Answer the following:

Prove by method of induction

`[(3, -4),(1, -1)]^"n" = [(2"n" + 1, -4"n"),("n", -2"n" + 1)], ∀ "n" ∈ "N"`

#### Solution

Let P(n) ≡ `[(3, -4),(1, -1)]^"n" = [(2"n" + 1, -4"n"),("n", -2"n" + 1)]`, for all n ∈ N.

**Step 1: **

For n = 1,

L.H.S. = `[(3, -4),(1, -1)]`

R.H.S. = `[(2(1) + 1, -4(1)),(1, -2(1) + 1)] = [(3, -4),(1, -1)]`

∴ L.H.S. = R.H.S. for n = 1

∴ P(1) is true

**Step 2: **

Let us assume that for some k ∈ N, P (k) is true.

i.e., `[(3, -4),(1, -1)]^"k" = [(2"k" + 1, -4"k"),("k", -2"k" + 1)]` ...(1)

**Step 3: **

To prove that P(k + 1) is true, i.e., to prove that

`[(3, -4),(1, -1)]^("k"+1) = [(2("k" + 1) + 1, -4("k" + 1)),(("k" + 1), -2("k" + 1) + 1)]`

Now, L.H.S. = `[(3, -4),(1, - 1)]^("k"+1) = [(3, -4),(1, -1)]^"k" [(3, -4),(1, -1)]`

= `[(2"k" + 1, -4"k"),("k", -2"k" + 1)] [(3, -4),(1, -1)]` ...[By (1)]

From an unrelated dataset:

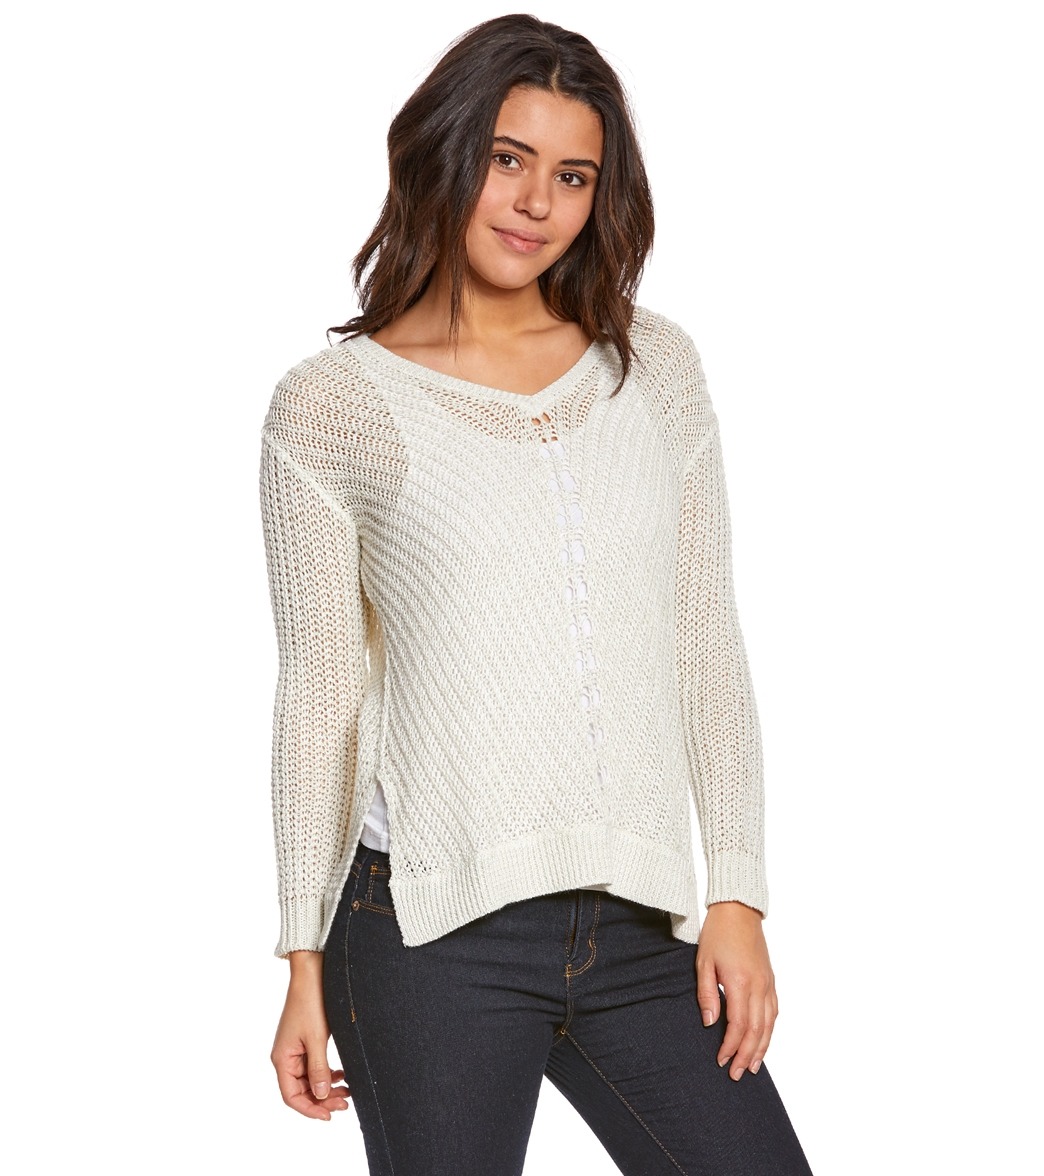 O'Neill Maybelle V-Neck Sweater at SwimOutlet.com - Free Shipping

= `[(3(2"k" + 1) - 4"k", -4(2"k" + 1) + 4"k"),(3"k" - 2"k" + 1, -4"k" + 2"k" - 1)]`

= `[(2"k" + 3, -4"k" - 4),("k" + 1, -2"k" - 1)]`

= `[(2("k" + 1) + 1, -4("k" + 1)),("k" + 1, -2("k" + 1) + 1)]`

= R.H.S.

∴ P(k + 1) is true.

**Step 4: **

From all the above steps and by the principle of mathematical induction P(n) is true for all n ∈ N.

i.e., `[(3, -4),(1, -1)]^"n" = [(2"n" + 1, -4"n"),("n", -2"n" + 1)]`, for all n ∈ N.